# The data:
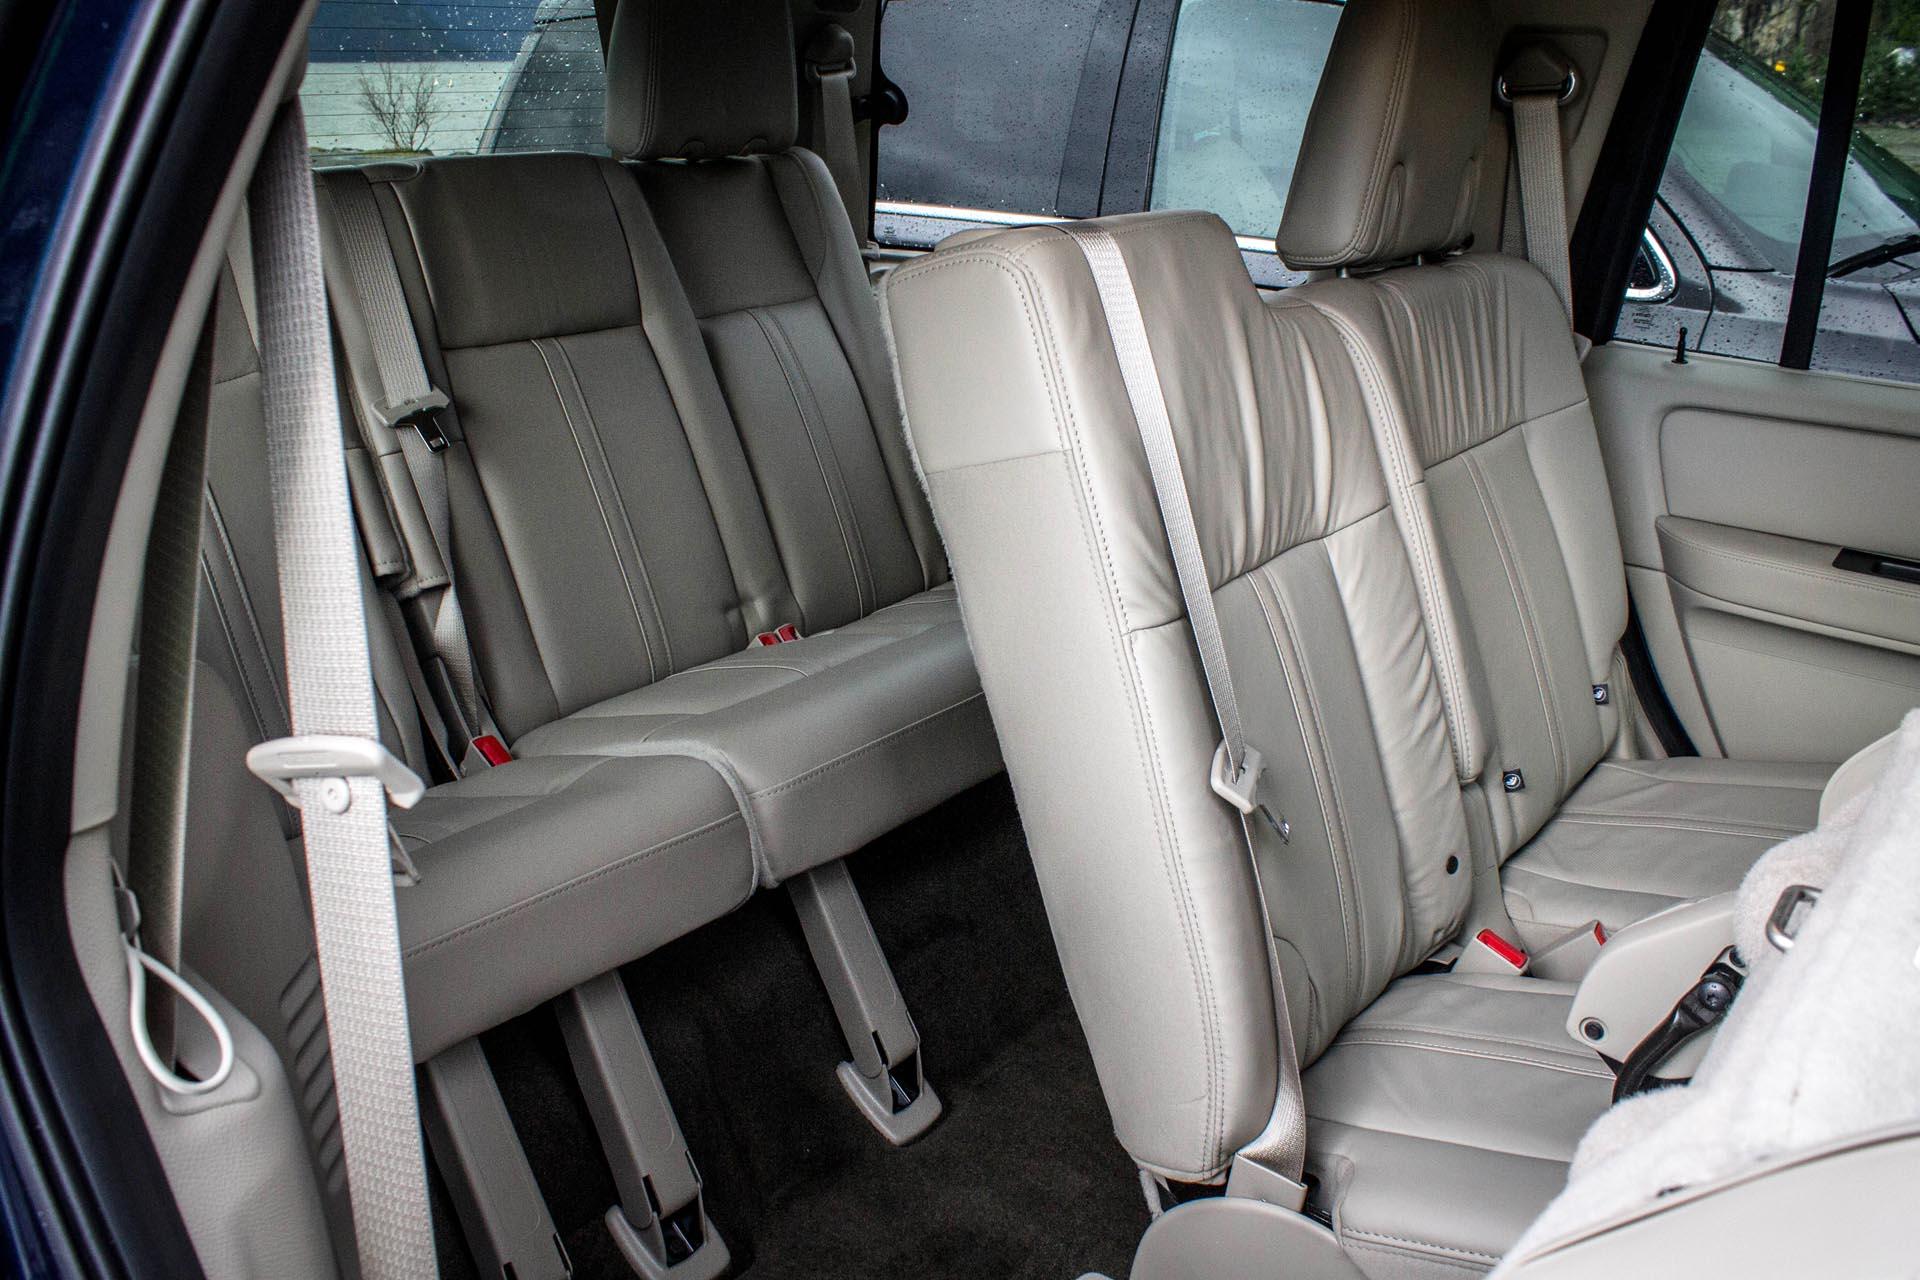 third-row seats
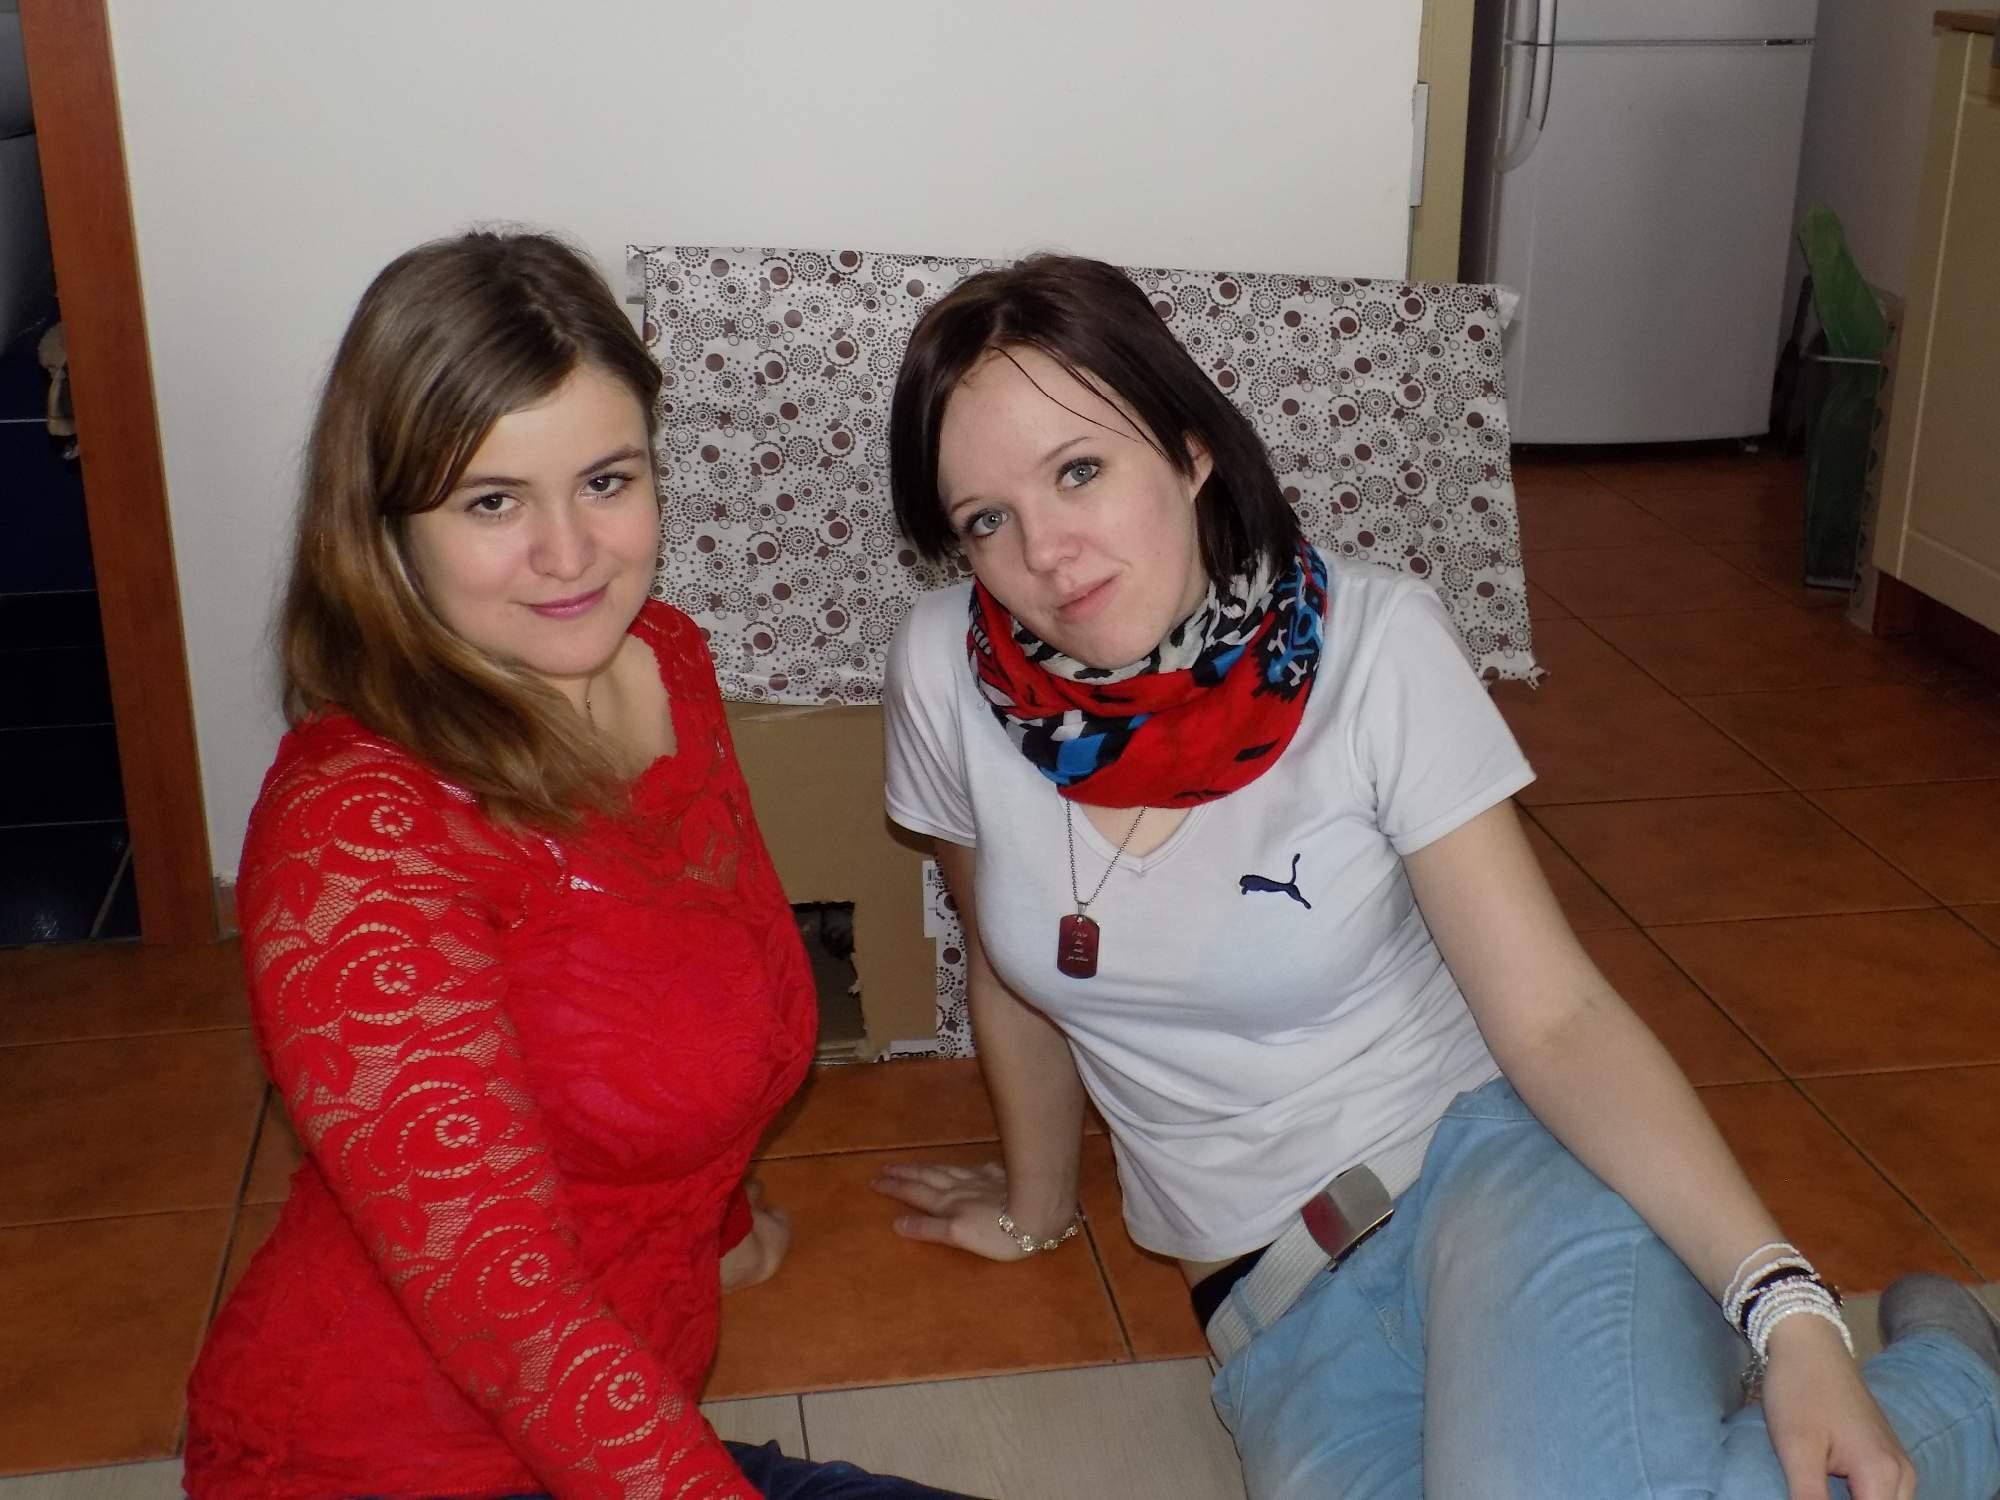 http://img25.rajce.idnes.cz/d2502/13/13862/13862137_c5559384bb63a400f5d8327efbaafba8/images/DSCN1504.jpg
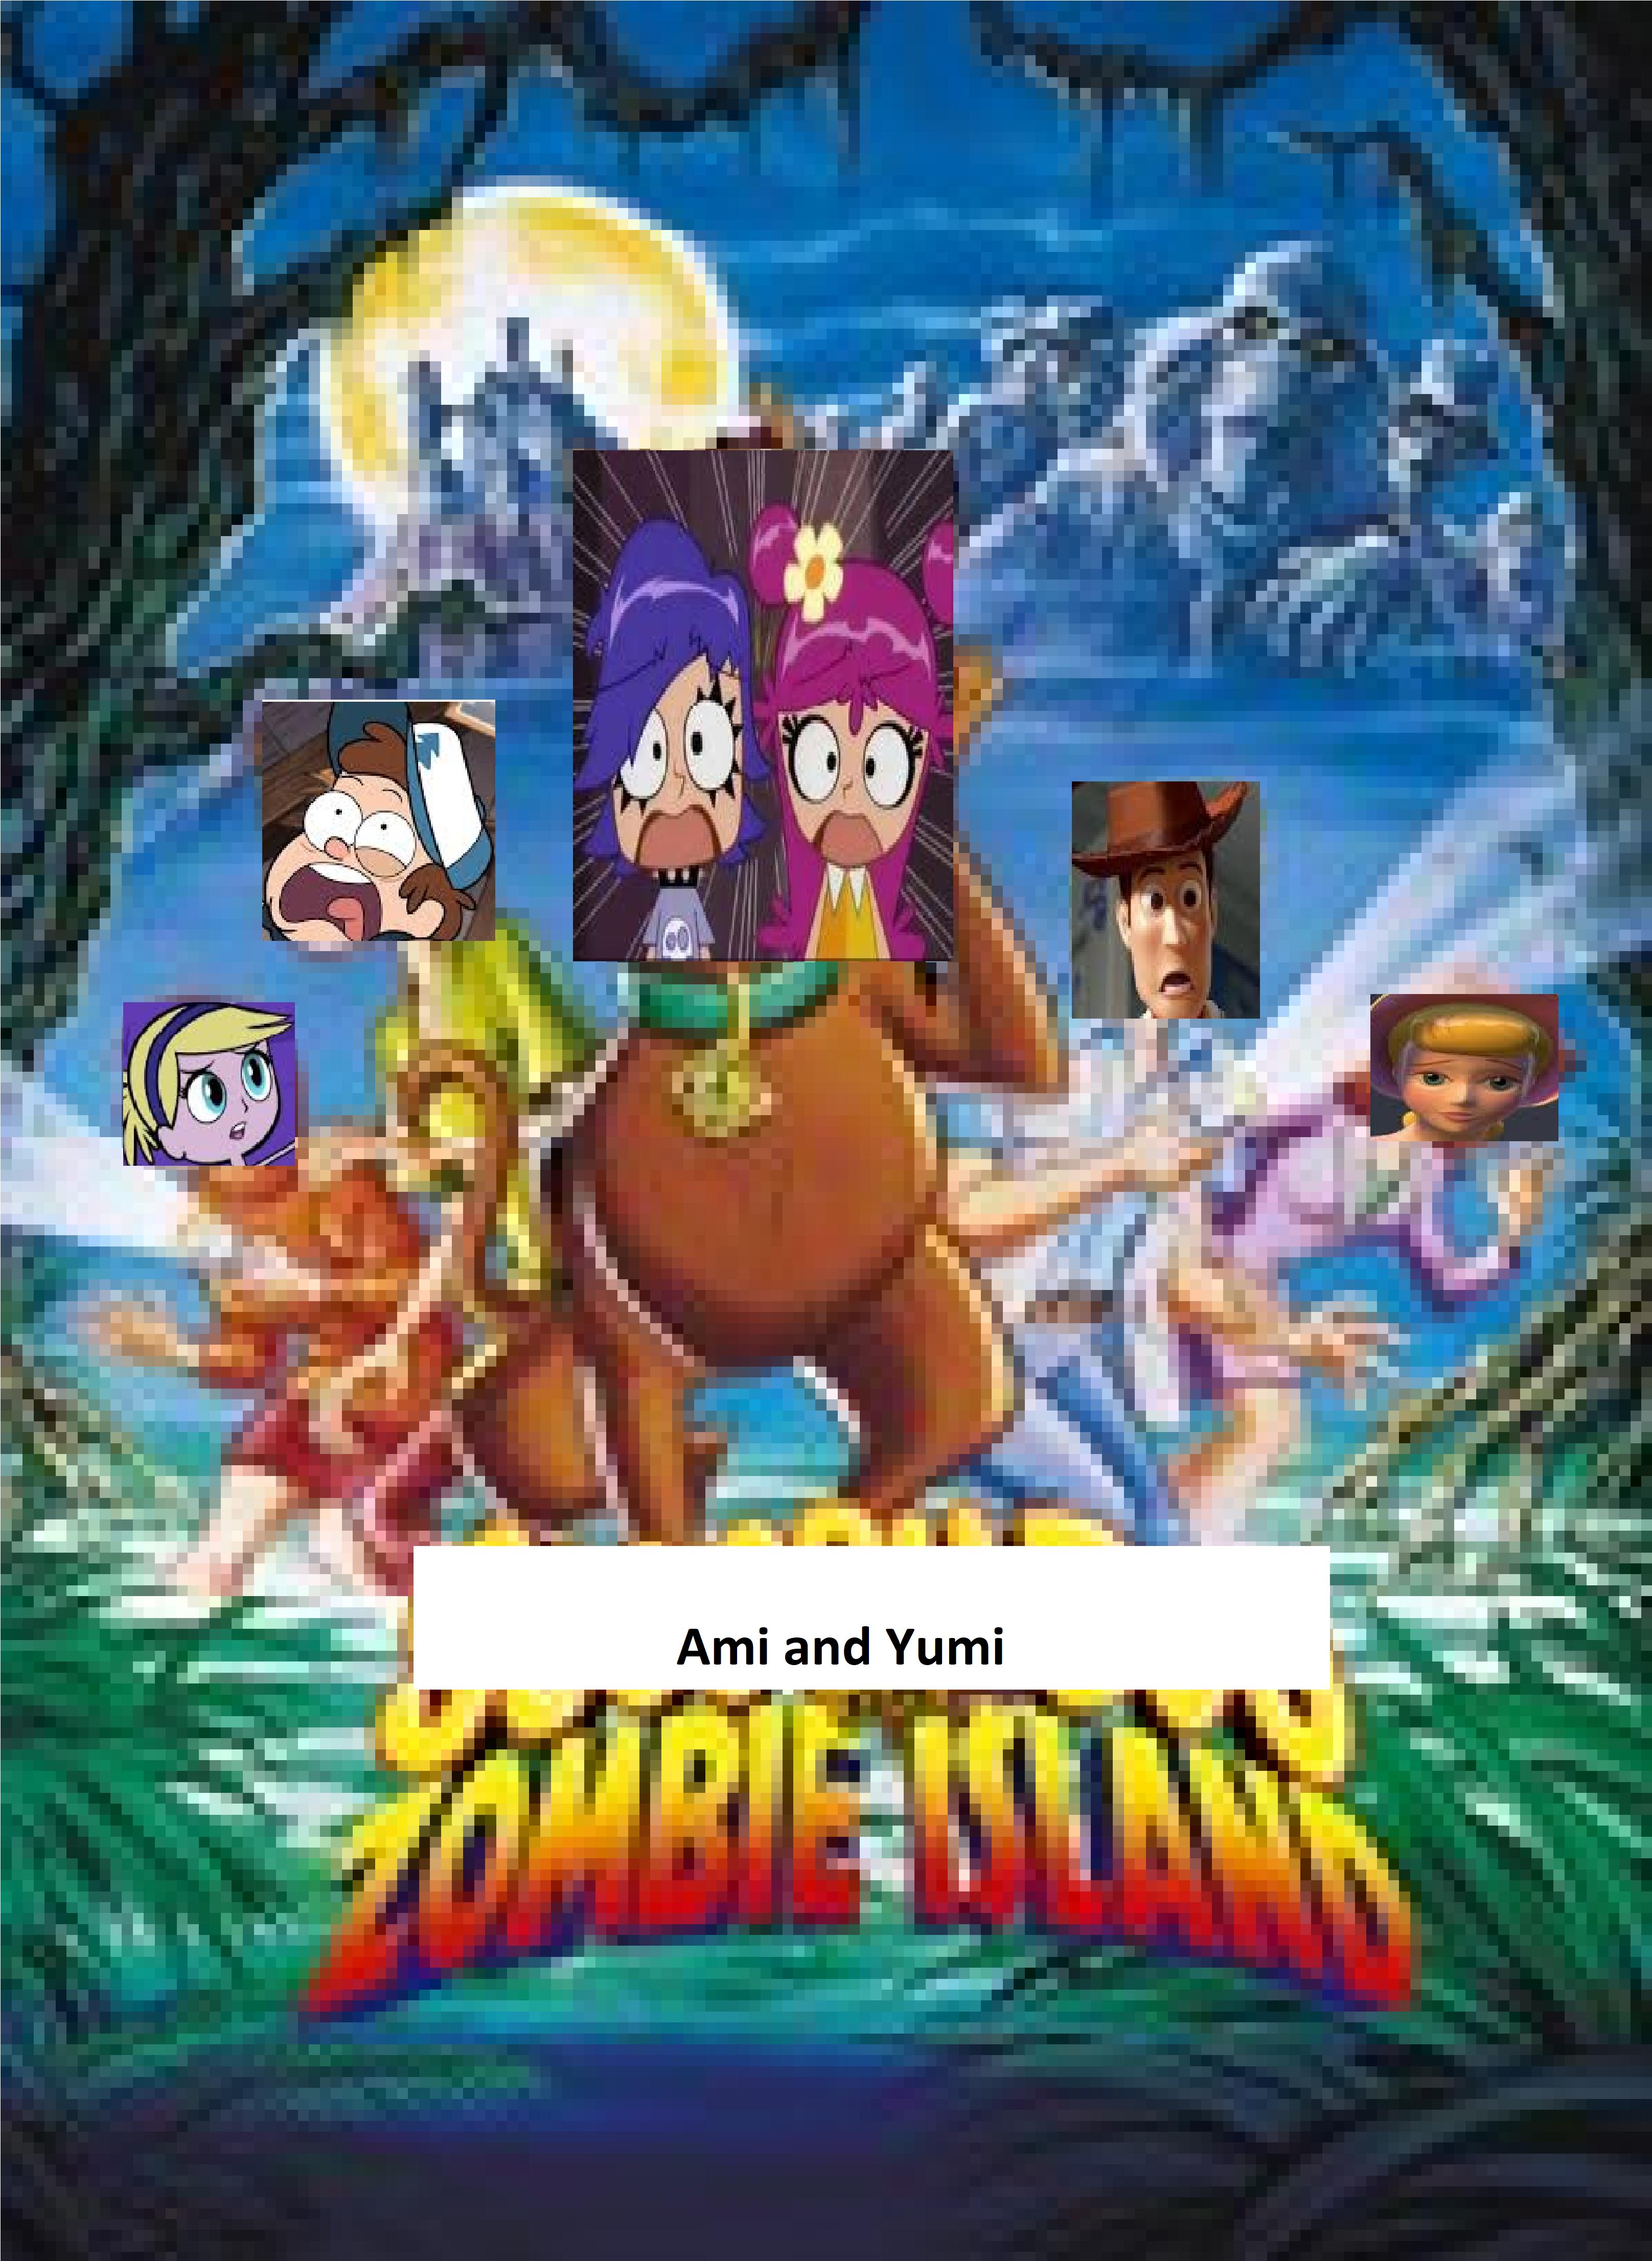 Ami and Yumi on Zombie Island

# Problem details:
Only the pictures are to be omitted; restate everything else above exactly.

# Written reply:
 third-row seats
 http://img25.rajce.idnes.cz/d2502/13/13862/13862137_c5559384bb63a400f5d8327efbaafba8/images/DSCN1504.jpg
 Ami and Yumi on Zombie Island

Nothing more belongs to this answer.